Study design: Multicenter retrospective study of infants born <29 weeks' gestation from 2016 to 2018 without congenital anomalies who received active treatment at delivery and were exposed to UCM or DCC. The primary outcome was mortality or severe (grade III or IV) intraventricular hemorrhage (IVH) by 36 weeks postmenstrual age (PMA). Secondary outcomes assessed at 36 weeks PMA were mortality, severe IVH, any IVH or mortality, and a composite of mortality or major morbidity. Outcomes were assessed using multivariable regression, incorporating mortality risk factors identified a priori, confounders, and center. A prespecified, exploratory analysis evaluated severe IVH in two GA strata, 22-246/7 and 25-286/7 weeks.
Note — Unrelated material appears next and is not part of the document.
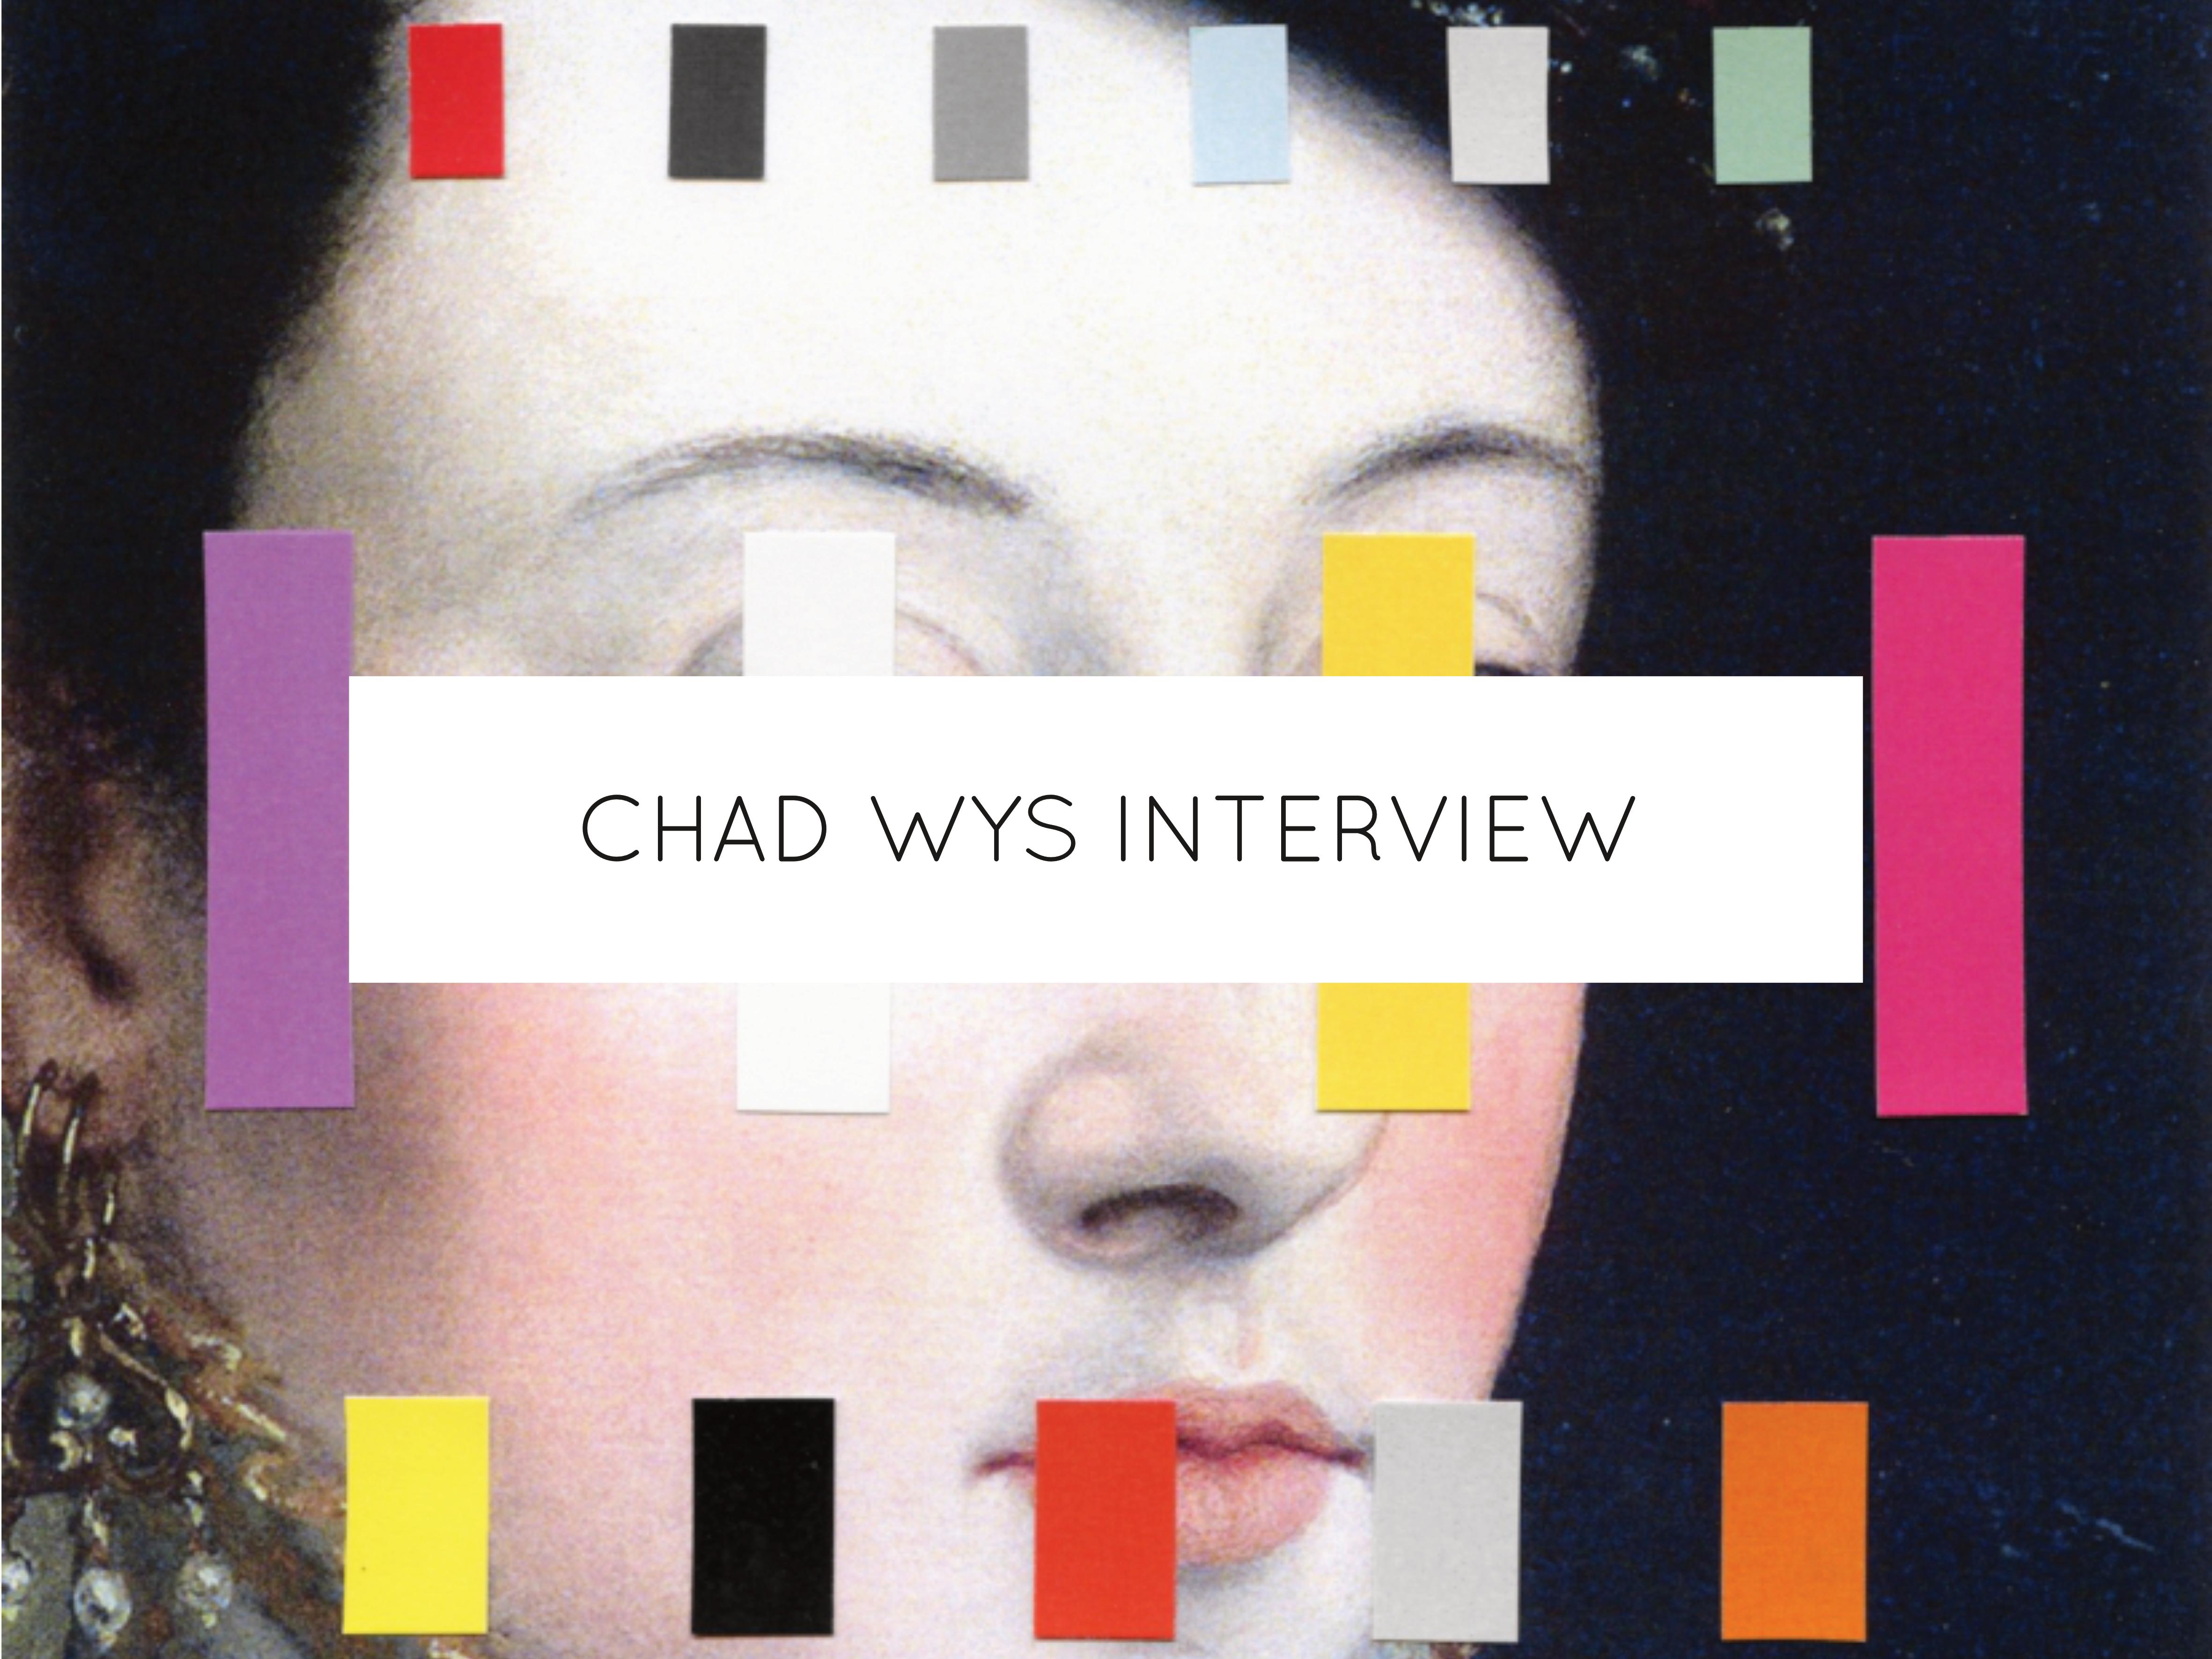 Evie cahir interview
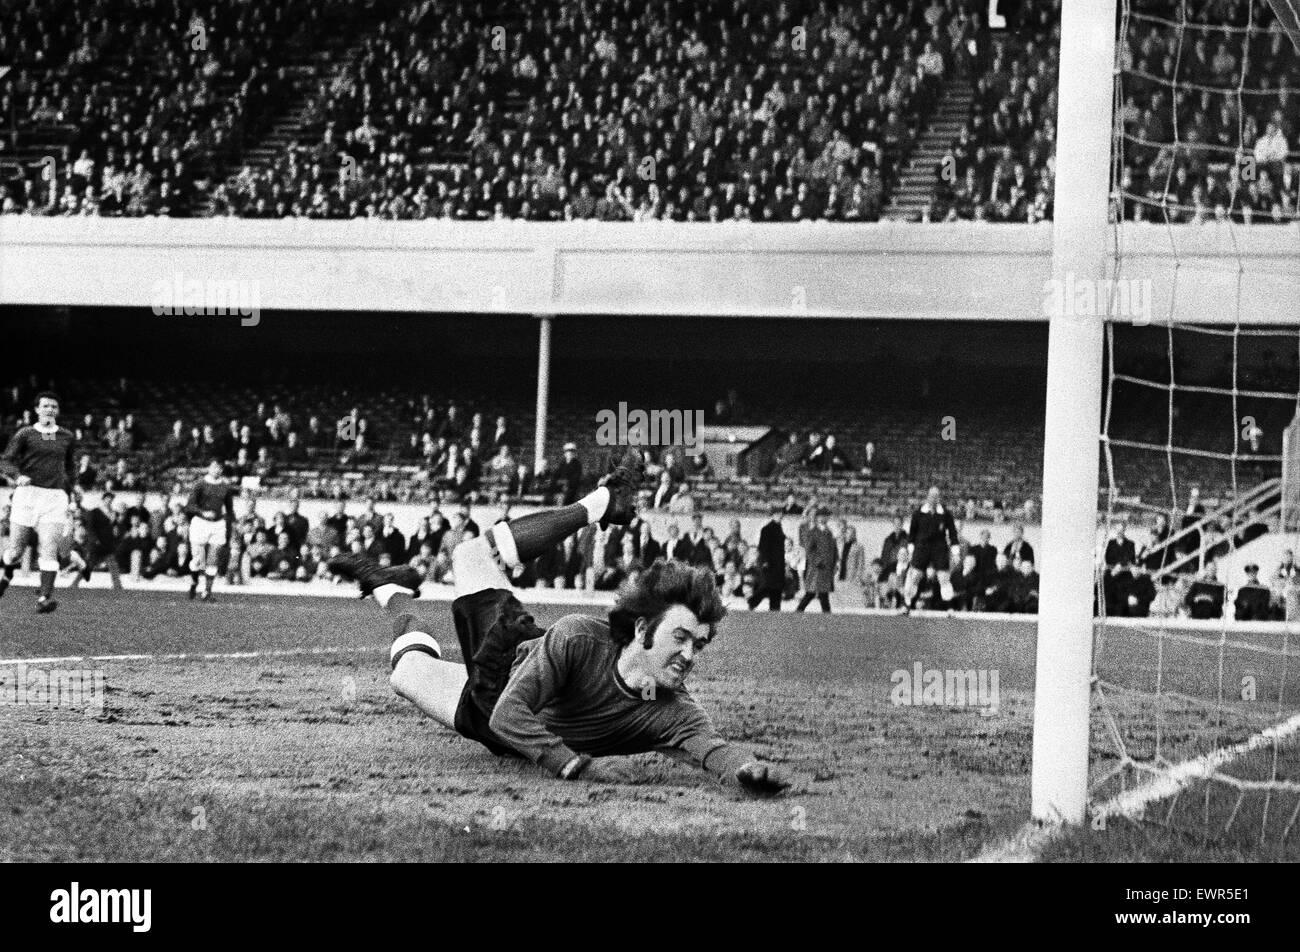 Andy Rankin, Everton goalkeeper. Arsenal v Everton, League Division One, played at Highbury. Score - 3-1 to Arsenal. - Stock Image

Results: Among 1,834 infants, 23.6% were exposed to UCM and 76.4% to DCC. The primary outcome, mortality or severe IVH, occurred in 21.1% of infants: 28.3% exposed to UCM and 19.1% exposed to DCC, with an adjusted odds ratio that was similar between groups (aOR 1.45, 95% CI 0.93, 2.26). UCM exposed infants had higher odds of severe IVH (19.8% UCM vs. 11.8% DCC, aOR 1.70 95% CI 1.20, 2.43), as did the 25-286/7 week stratum (14.8% UCM vs. 7.4% DCC, aOR 1.89 95% CI 1.22, 2.95). Other secondary outcomes were similar between groups.
Conclusion: This analysis of extremely preterm infants suggests that DCC is the preferred practice for placental transfusion, as UCM exposure was associated with an increase in the adverse outcome of severe IVH.